Metadata storage means for storing the content metadata in association with the content data;
A metadata search unit that searches the metadata storage unit for metadata that matches or is similar to the keyword when a keyword is input;
The data processing apparatus according to claim 2, further comprising: a content recommendation unit that recommends content corresponding to content data associated with the metadata searched by the metadata search unit.

The data processing apparatus according to claim 9, further comprising a reproduction control unit that reproduces the reproduction content when a reproduction content to be reproduced is designated from the contents recommended by the content recommendation unit.

Data processing device
Perform continuous speech recognition on audio data,
Obtaining a word related to one or more words obtained as a result of the continuous speech recognition as a related word related to content corresponding to content data including the audio data;
A data processing method including a step of searching the speech data for the utterance of the related word and acquiring the related word for which the utterance is searched as metadata of the content.

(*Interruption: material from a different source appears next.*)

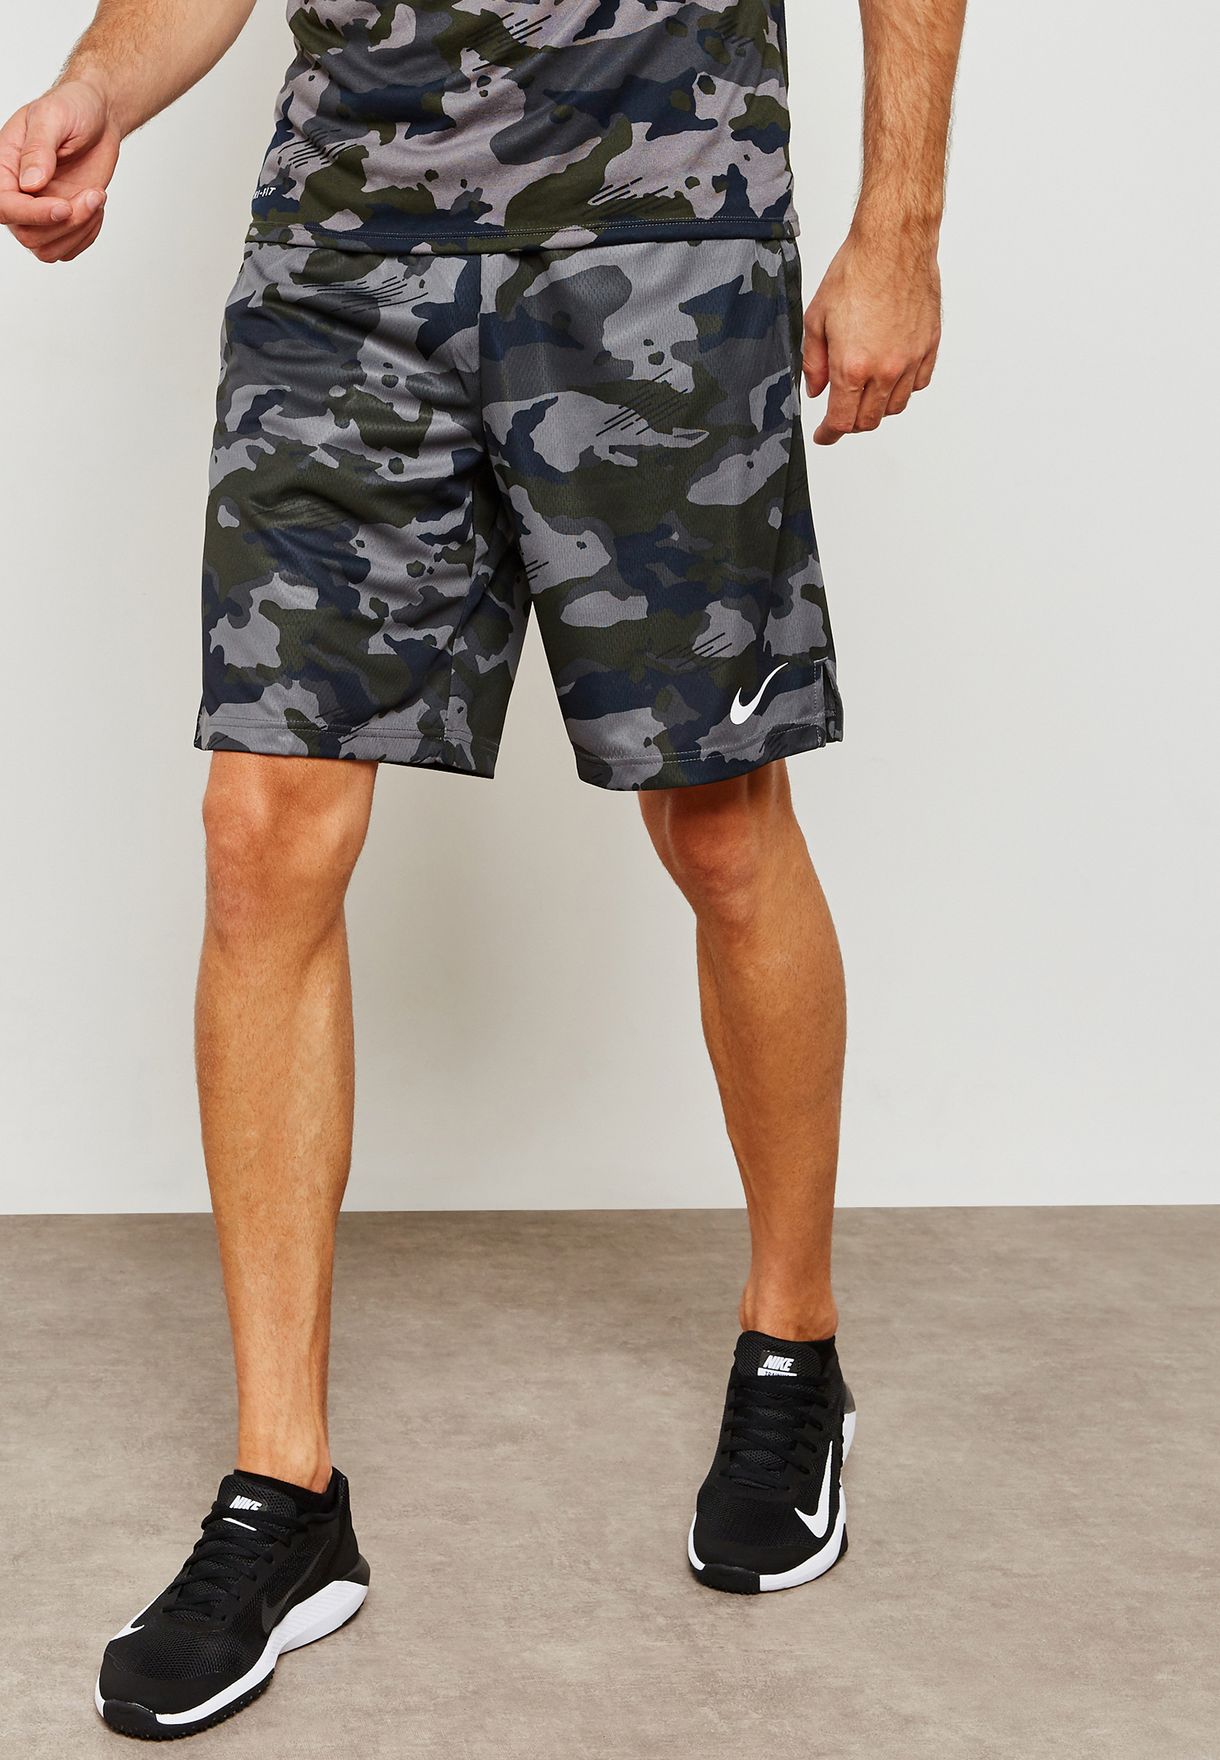 camouflage shorts nike

Voice recognition means for performing continuous voice recognition on voice data;
Related word acquisition means for acquiring a word related to one or more words obtained as a result of the continuous speech recognition as a related word related to content corresponding to content data including the audio data;
A program for causing a computer to function as voice search means for searching for the utterance of the related word from the voice data and acquiring the related word for which the utterance has been searched as metadata of the content.